Сашка Горохов пропадал в лучах своей славы. Пропадал от того, что лучи эти были отнюдь не живительными, и действовали на окружающих, как ультрафиолет на бациллы. Попадая в них, неосторожный собеседник начинал хиреть, в нетерпении переступать с ноги на ногу, и мямлить: "Старик... Времени нет... Полный завал...", - надеясь поскорее покинуть опасную зону поражения.
Люди, знающие жизнь, а потому отличающиеся меньшим коэффициентом терпимости, при встрече с Сашкой приветственно махали ему рукой издали, и проносились мимо, избегая близких воздушно-капельных отношений. Тем самым, профилактически оберегая себя от грозящих мук.
Сама же Сашкина слава, не только бежала впереди него, но и металась во все стороны, рыская в поисках новых лопоухих жертв, потому как жертвы уже претерпевшие прятались в тёмных углах, за глаза величая своего мучителя - "нудило гороховое", органично скрестив суть его внутреннего мира с громкой фамилией.

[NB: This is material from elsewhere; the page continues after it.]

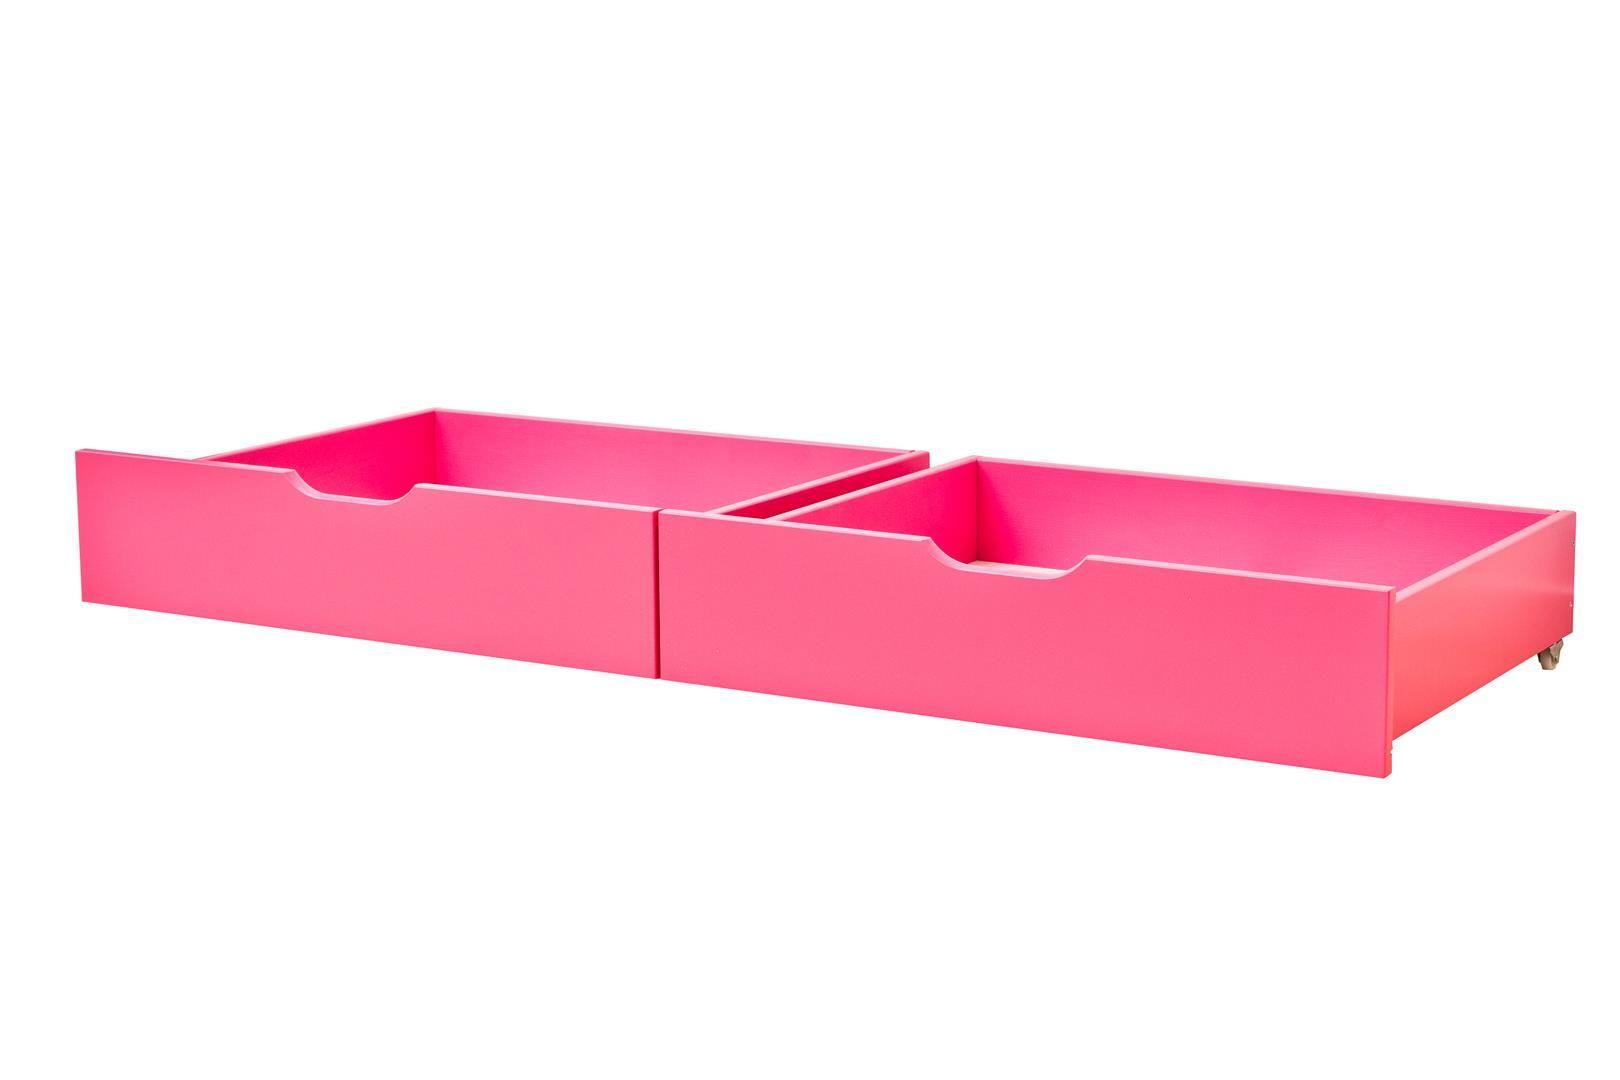 Sengeskuffesæt fra Hoppekids - Fandango Pink (182x60)

Когда же Сашке везло, и он находил зазевавшегося ротозея, то первым делом очаровывал его своим интеллектом, блистая остроумием и эрудицией, парализовывал белозубым радушием, и уже потом тащил в трясину нерушимой дружбы.
А как только слабовольный простак вяз в дружеских топях, коварный интриган преображался в страдальца с непонятой душой, и начинал нудить.

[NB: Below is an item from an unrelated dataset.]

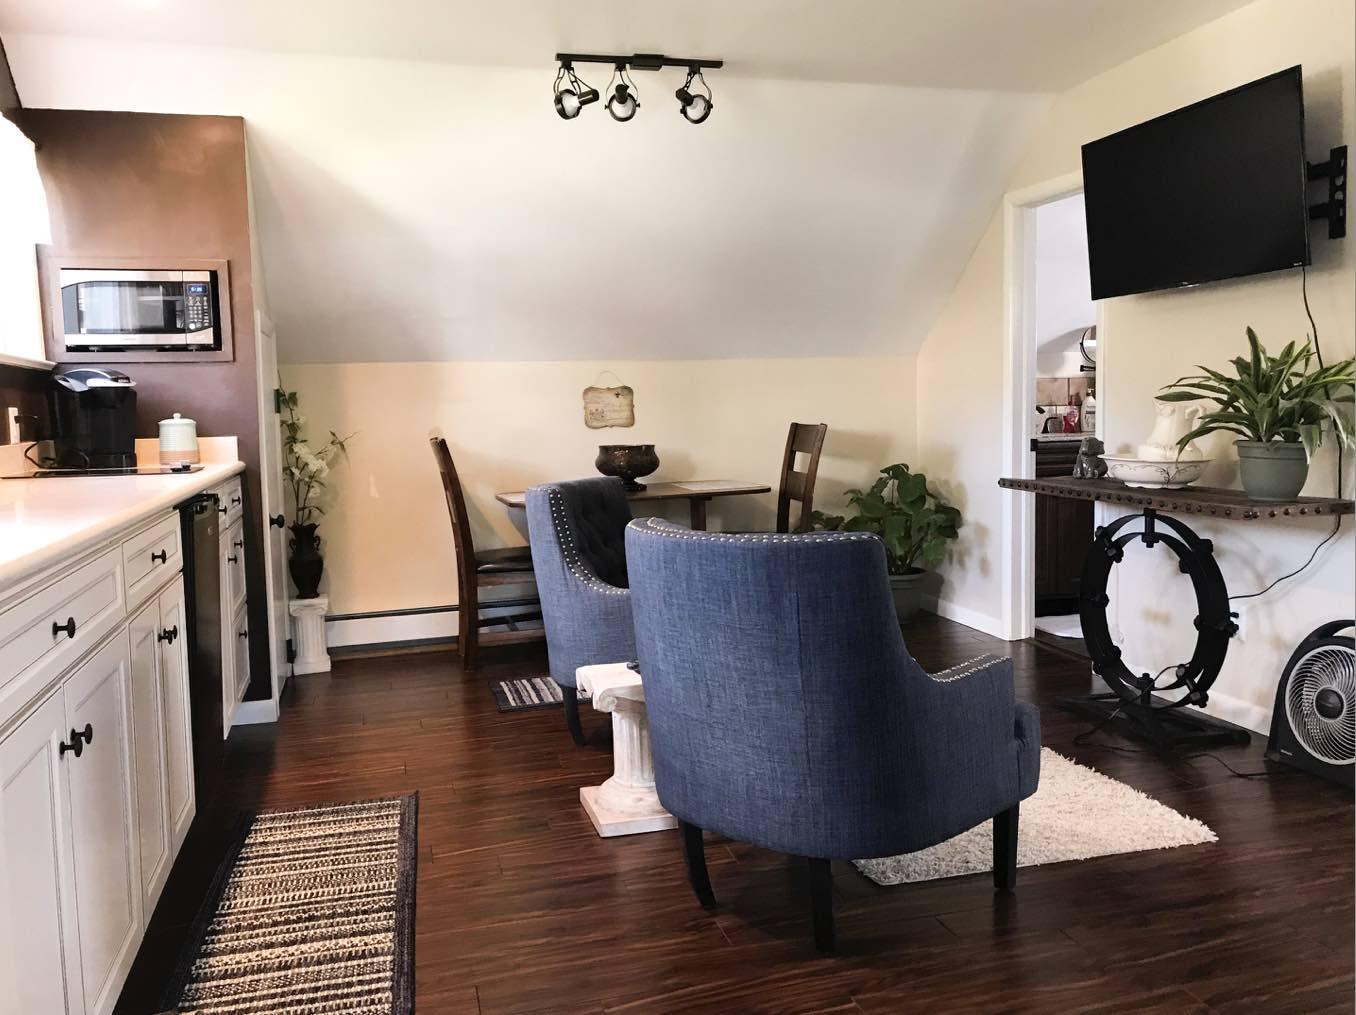 airbnb Laramie wyoming

Нудил Сашка безупречно, с тихими придыханиями, с лёгким искрящим увлажнением конъюнктивы и обречённым покачиванием головы. Нудил, как правило, долго и артистично, время от времени, не забывая напоминать, что делает он это сугубо доверительно, исключительно в рамках великой дружбы.
При общении с более мягкосердечным полом, великая дружба заменялась на не менее великую симпатию, а то и на мистическое ослепление. Барышни, как правило, млели от такого проявления чувств, принимались завидовать самим себе, и перемещаться по жизни с суворовской осанкой, гордо развернув достоинства грудной клетки.
Когда же эти непрозорливые создания переставали млеть и начинали таять, тут то и начиналось неизбежное. Сашка принимался нудить. То о своей туманной доле, то о ехидстве межрёберной невралгии, а временами и о грядущем конце света. Ослепление его чудесным образом излечивалось, и он представал пред растерянной подругой вполне зрячим, с глазами похожими на инфузории туфельки, что непрестанно колышут своими ресничками. В "туфельках" читалась мольба о сочувствии и сострадание.
Какое-то время мольба эта удовлетворялась и глажением по голове, и держанием за руку, и прижиманием, к уже не настолько воодушевлённой, груди. Когда же запас терпения у полусестры милосердия иссякал, она обычно забирала свою косметику из ванной комнаты, и перед тем как хлопнуть дверью, на прощание шипела, что он, Сашка, самый распоследний подлец и бессердечная вонючка. Одним словом - нудило гороховое...
Так же решительно и безоглядно разбегались и друзья-товарищи, вволю вкусившие от Сашкиной двуличности. А разбежавшись, уже ни в какую не желали сбегаться обратно - дружить великую дружбу.
Вот при таких печальных обстоятельствах, Сашку и посетила гениальная идея - кинуться в объятия церкви, и уж там, кому надо, отутюжить все уши. Так он и сделал. В выбранной им обители веры "кому надо" оказался премиальных габаритов мужик, с которым вовсе не вязалось мягкое обращение "батюшка". С ним вязалось ёмкое и, говорящее само за себя - поп. К этому-то попу-батюшке Сашка и стал похаживать, сначала раз в неделю, а потом уж и почти каждый день.
Похаживать и плакаться, всё о той же доле, о нетерпеливости слабого пола, о мелких людишках, не верящих в великое... И первое время взаимное общение происходило просто замечательно - Сашка нудил, поп-батюшка слушал, советовал молиться и на прощанье крестил довольного собой отрока.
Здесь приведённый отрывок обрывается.